My kiddos are taking swimming lessons. The lessons are proving to be a source of learning beyond how to be comfortable in the water, and the children are not the only ones learning. Getting into the car after lessons the other day, my son told me that he had asked his teacher if she was a Christian. "What did she say?" I asked. "She said that she was, and asked me if I was a Christian." My heart's response condemns me. I was afraid. I like flying under the radar, not drawing attention to myself. Now the spotlight has been focused, the microscope brought to bear. Then this morning, I read John 12:42-43 which says, "Among the chief rulers also many believed on him; but because of the Pharisees they did not confess him, lest thy should be put out of the synagogue: For they loved the praise of men more than the praise of God." Lord, thank you once again for using the courage of a child and the Sword of Your Spirit to get to the heart of the matter in my life. Please forgive my fear and my concern with the opinions of those who will not judge my days.

Tuesday, January 18, 2011

Sorrows come. . .

"Sorrows come To stretch out spaces in the heart for joy."
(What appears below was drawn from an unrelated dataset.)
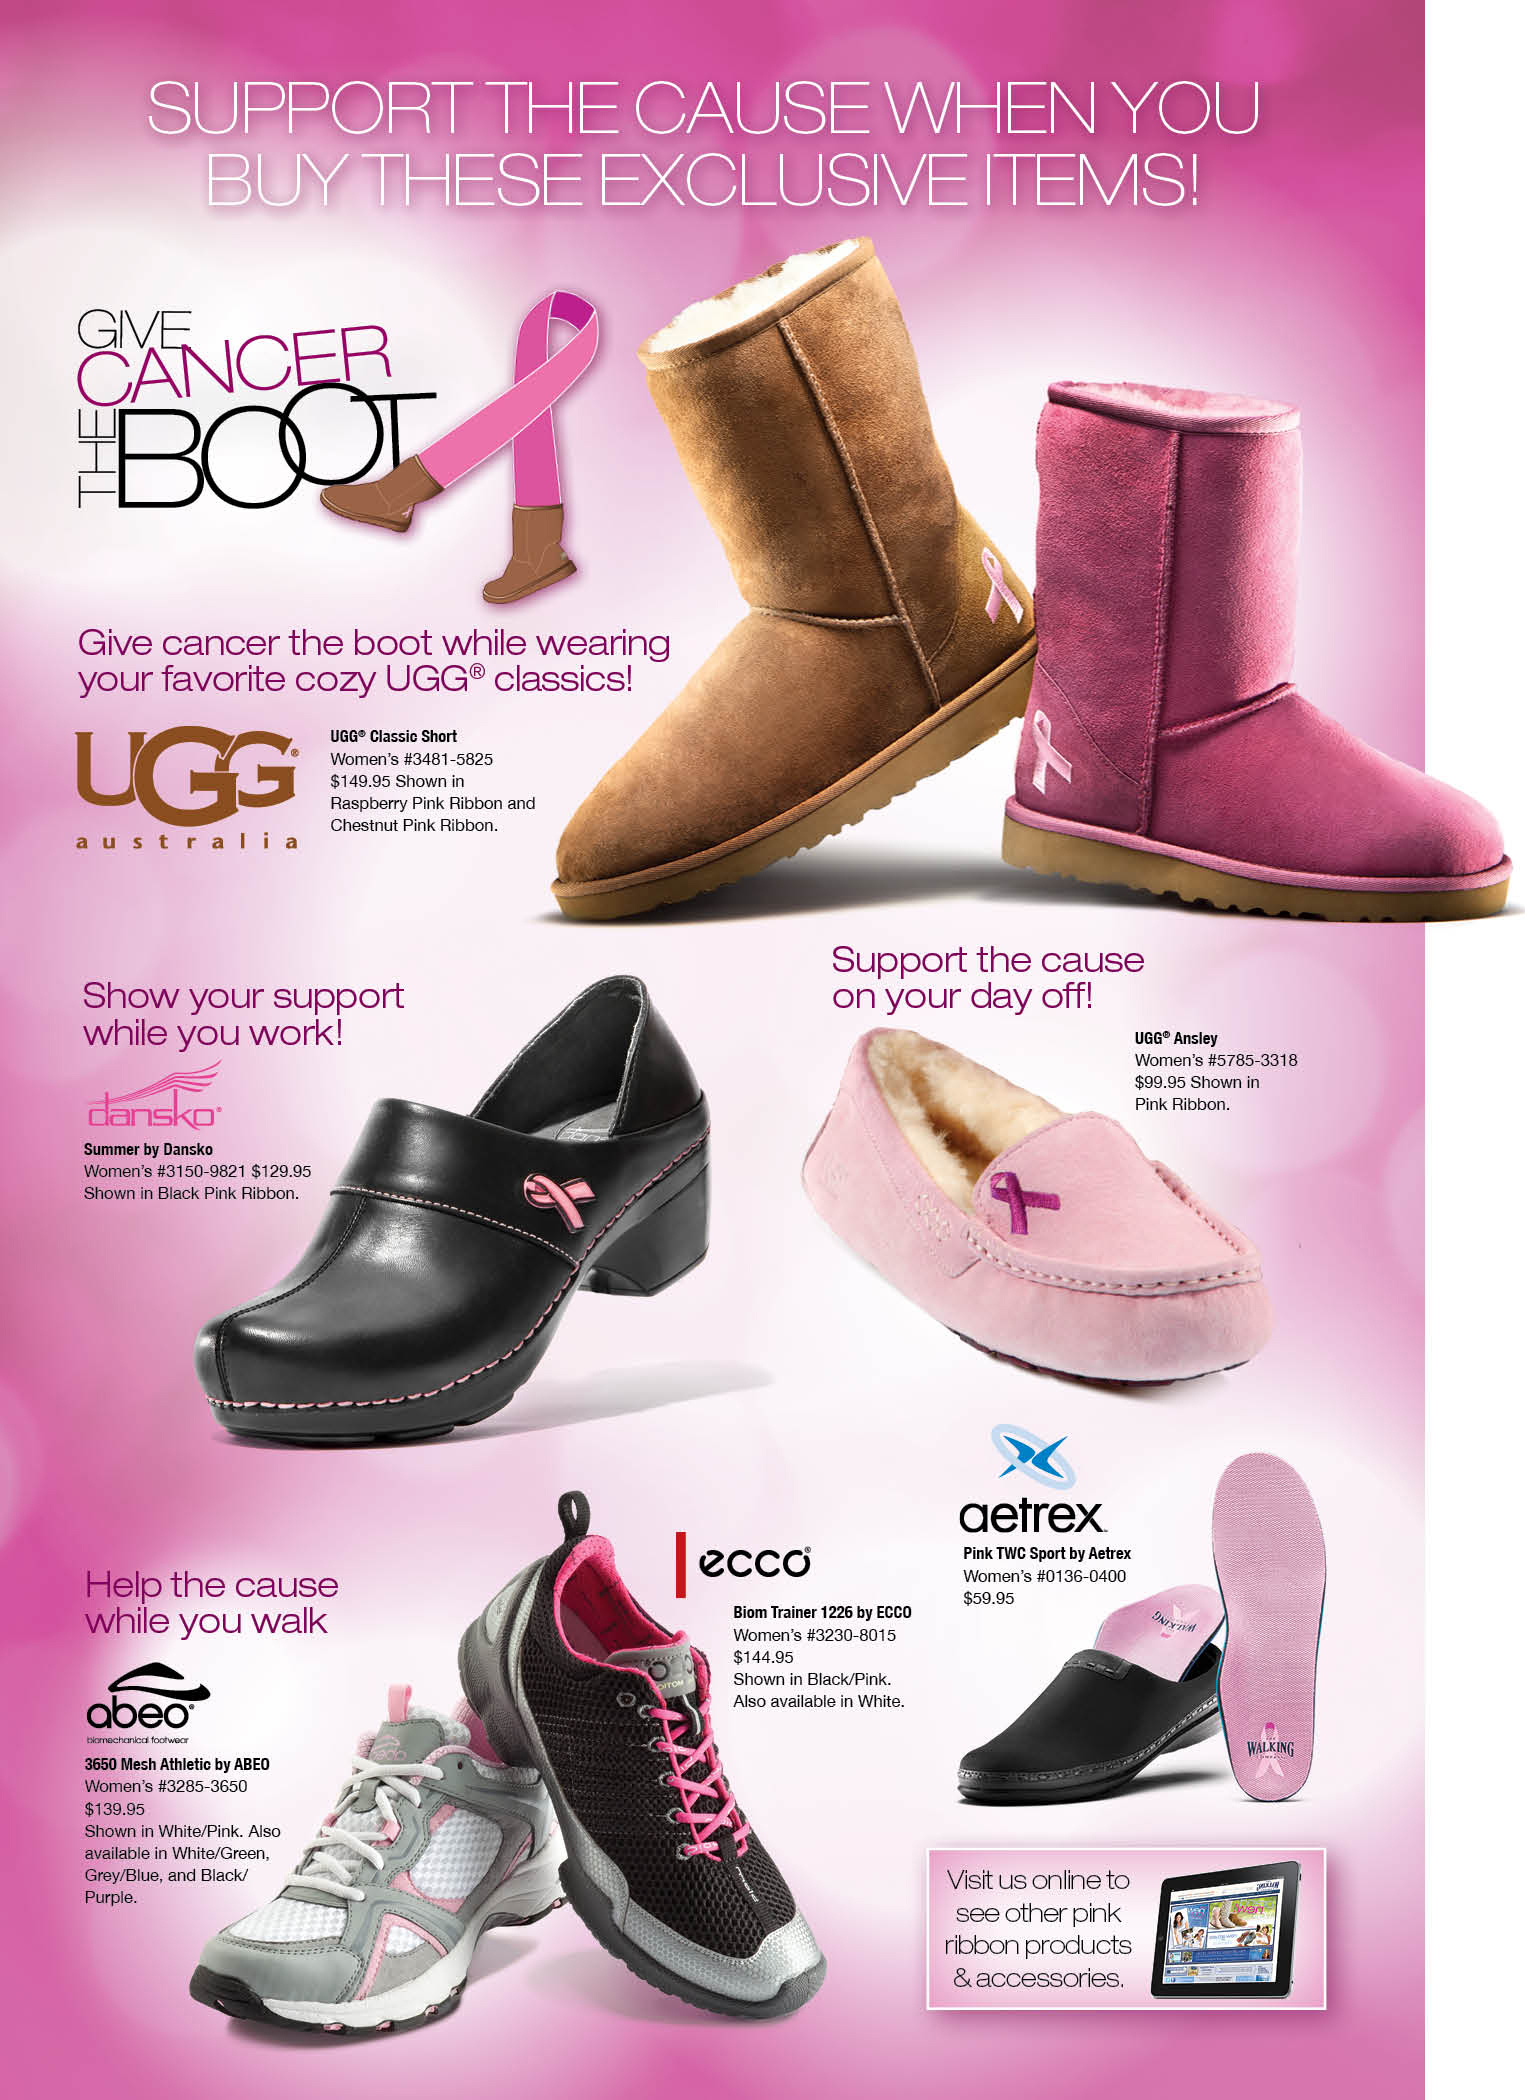 ugg boots with pink ribbon

It has always been a fascination of mine to think of how Joy and Sorrow are two sides of the same coin. The idea that we cannot appreciate true joy without having sorrow to contrast with it has been a theme I've found in much literature and also explored in my own writing. I'm sure that there have been past experiences that have borne this out in my own life, but most recently, I've seen this in my feelings toward our newborn son. I have loved all of our children and delighted in their development, but there is a deep joy and delight in holding Luke. I find myself stealing moments to hold him, watch him, and just take pleasure in being his mother. There is a rightness in my soul when I am taking care of him. Perhaps, God has allowed this journey to soften and deepen my mother's soul. God's word is true when it declares that God has "turned my mourning into dancing;" and has, "loosed my sackcloth and clothed me with gladness. . . O LORD my God, I will give thanks to you forever!" Psalm 30:11-12

Saturday, January 15, 2011

A Good Morning!

While most runners are easing into their winter maintenance after a holiday break, I am just getting started. I am one week into my reentry plan. Last year at this time, I was training for the Winter Series Races and actually ran one of them, when I got a telltale sickness in my gut. I'd had that same feeling a couple of times before. I ran a handful more runs after that eight mile race then decided to take it easy. When we found out that I was indeed pregnant, the doctor suggested limiting my runs to one mile just because of my history and the lack of a diagnosis. Then, my husband who loves me and is over protective (in my book,) told me that he preferred that I not run at all. At first, that was really difficult, but it got easier. Too easy in fact, and I didn't want to run or even move for that matter. Now that our Luke is three months old, I don't have an excuse. Therefore, I am back in the saddle again. The most I have gone is 2.7 miles. Not a long way, but something. I have been somewhat consistent this week even juggling running with all my mommy jobs and the hubby's running. Yesterday, I made it a whopping 2.3 miles, but I did it outside and managed to run the entire way up the hill even without the dog towing me. When the hubby got up to run this morning, I wasn't sleeping due to a stiff back, so I decided to join him for the first mile up the hill.

The cold brightness of the stars greeted us. There were so many visible that I could barely discern Orion's belt. The stars quickly faded and were replaced with the soft gray of the dawn. I especially enjoyed seeing the shadows of the trees against the lightening skyline. What a beautiful way to begin a day and a special reminder of why I love running. It is good to be back.